The cell membrane is a flexible, self-sealing barrier of lipid bilayer studded with embedded and peripheral proteins. Membrane components move laterally (fluidity) allowing dynamic reorganization. Lipids (phospholipids, cholesterol, glycolipids) form the hydrophobic core; proteins mediate transport, signaling, and adhesion. Fluidity is essential for function and is tightly regulated by lipid composition and temperature.
Use model membranes (liposomes) to study fluidity and permeability. Observe membrane proteins with fluorescent tags to measure lateral diffusion. Compare lipid composition across cell types and organelles.
The membrane is solid—it is fluid at physiological temperature. Proteins float freely—many are anchored to the cytoskeleton. Cholesterol always reduces fluidity—it actually maintains optimal fluidity across temperature ranges.
You already know from studying cell membrane structure that the plasma membrane is built on a lipid bilayer, and from amphipathic molecules that phospholipids self-assemble because their hydrophilic heads face water while their hydrophobic tails face each other. The fluid mosaic model, proposed by Singer and Nicolson in 1972, goes further: it describes the membrane as a two-dimensional fluid in which lipids and proteins are not locked in place but move laterally, like icebergs drifting in a sea. The "mosaic" refers to the diverse collection of proteins embedded in and attached to this lipid sea — each performing specialized functions in transport, signaling, adhesion, and enzymatic activity.
Fluidity is a defining feature, not an accident. Phospholipids in the bilayer undergo rapid lateral diffusion — a single lipid molecule can travel the length of a bacterial cell in about one second. This lateral movement allows the membrane to reseal after puncture, permits membrane proteins to cluster at signaling sites, and enables cells to change shape during movement and division. The degree of fluidity depends on lipid composition: unsaturated fatty acid tails introduce kinks that prevent tight packing, increasing fluidity; longer saturated tails pack more tightly, reducing it. Temperature also matters — at low temperatures, membranes can solidify into a gel-like state where lateral movement essentially stops.

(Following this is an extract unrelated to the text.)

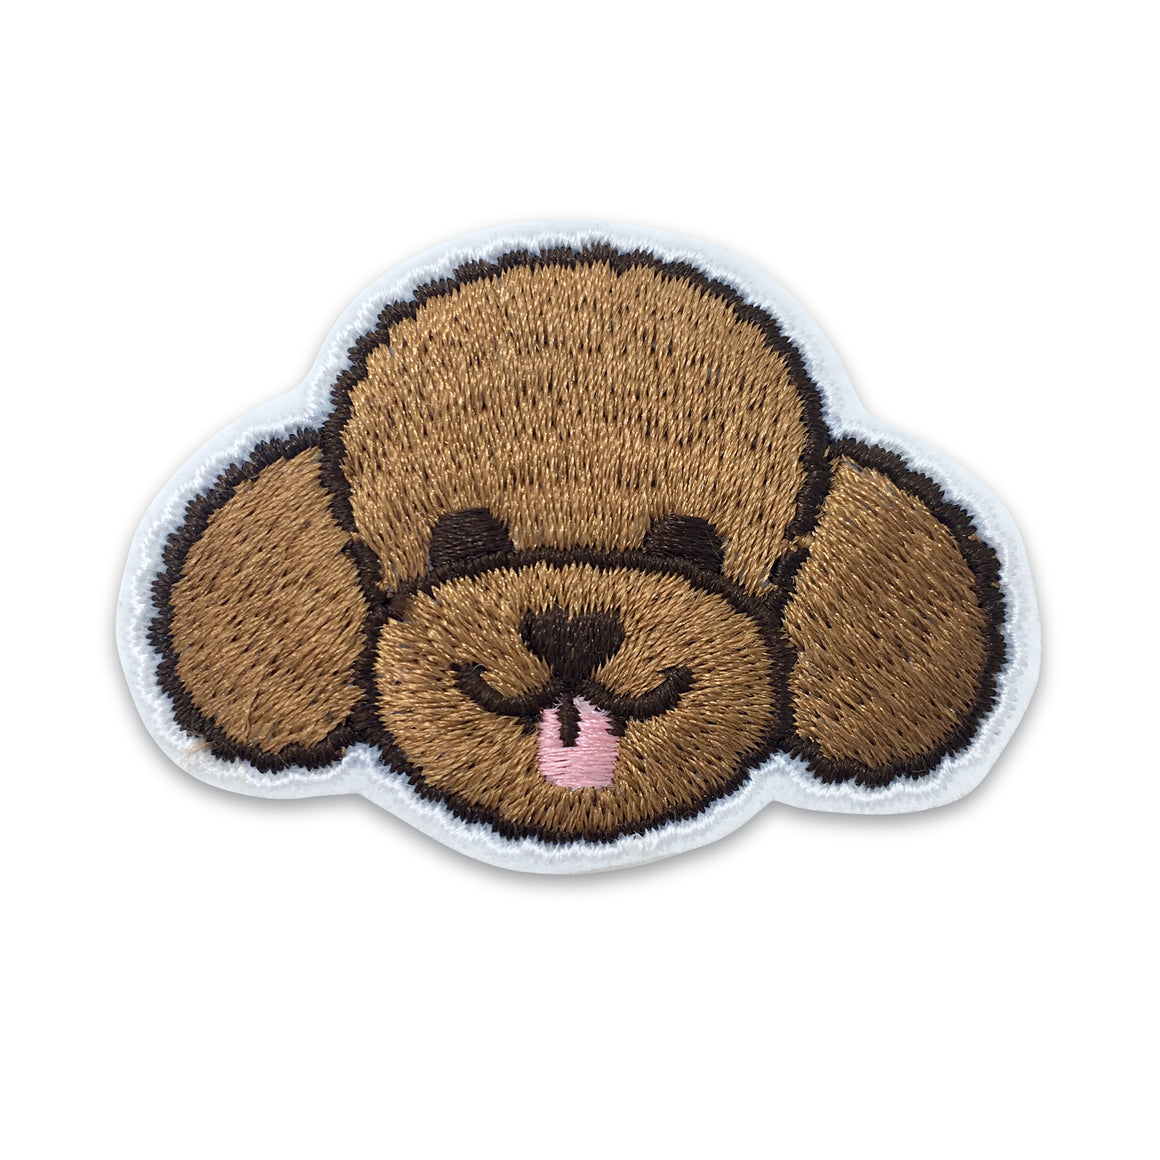 POODLE IRON ON EMBROIDERED PATCH

Cholesterol acts as a fluidity buffer. At physiological temperatures, cholesterol intercalates between phospholipids and restricts the movement of their upper chain segments, slightly reducing fluidity. But at low temperatures, cholesterol disrupts the regular packing of phospholipid tails, preventing the membrane from solidifying. The net effect is that cholesterol broadens the temperature range over which the membrane remains in its functional liquid-crystalline state. Animal cells, which must function across varying temperatures, contain substantial cholesterol (up to 50% of membrane lipids), while bacteria — which lack cholesterol — adjust fluidity by modifying fatty acid saturation instead.

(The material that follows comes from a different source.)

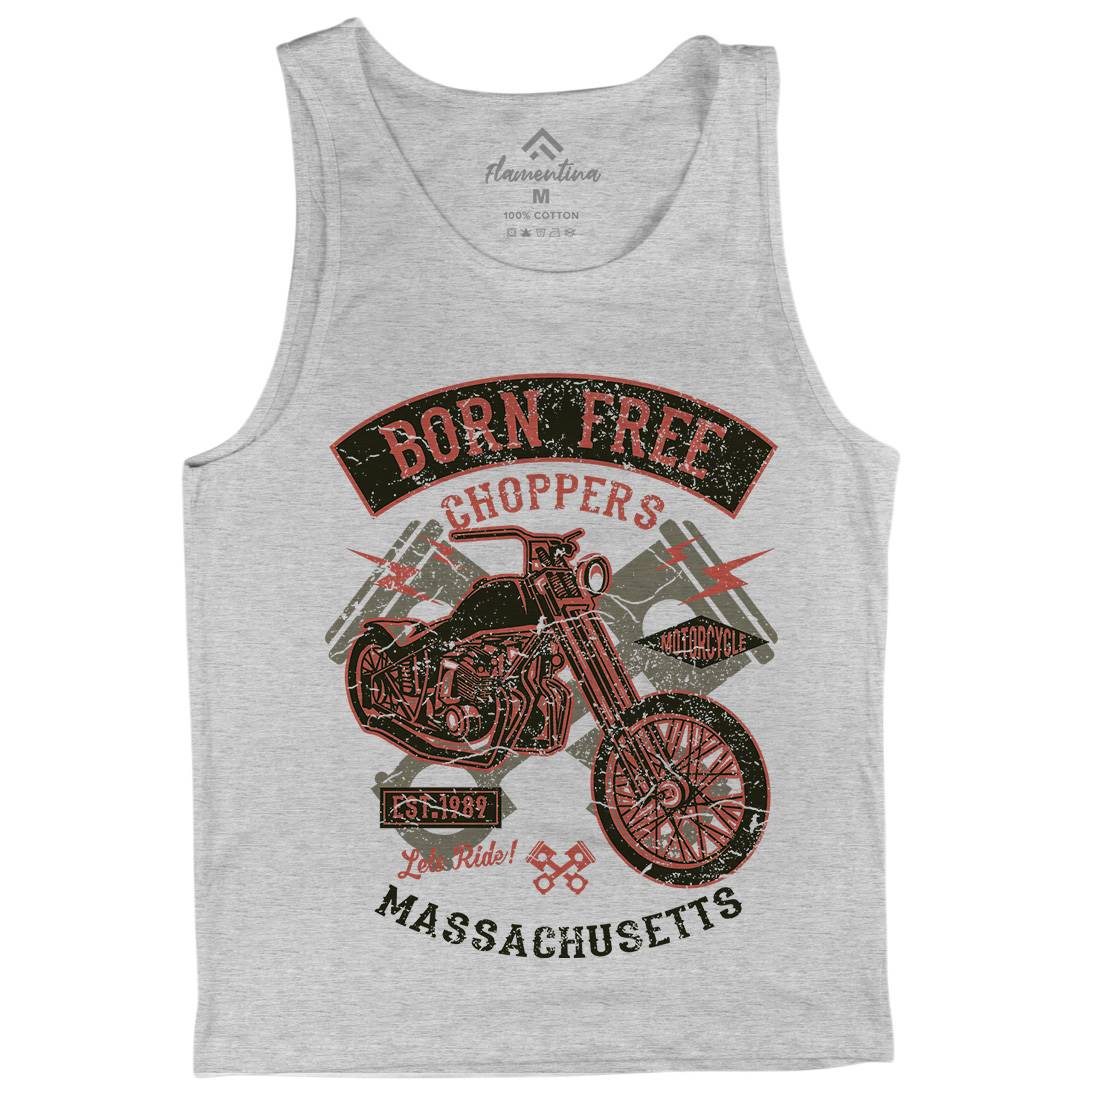 Born Free Choppers Mens Tank Top Vest Motorcycles A018

Membrane proteins fall into two broad categories. Integral (transmembrane) proteins span the bilayer with hydrophobic alpha-helices or beta-barrels anchored in the lipid core; they mediate transport, act as receptors, and catalyze reactions. Peripheral proteins associate with the membrane surface through electrostatic interactions or lipid anchors and are easily stripped by changes in pH or salt concentration. Many membrane proteins are not free-floating — they are tethered to the underlying cytoskeleton (particularly the cortical actin network), which creates organized domains and restricts their lateral movement. This tethering explains why the membrane is not a uniform soup: lipid rafts, protein clusters, and polarized domains give different regions of the same cell distinct compositions and functions. The fluid mosaic model captures this tension between mobility and organization — the membrane is fluid enough to be dynamic, yet structured enough to be functional.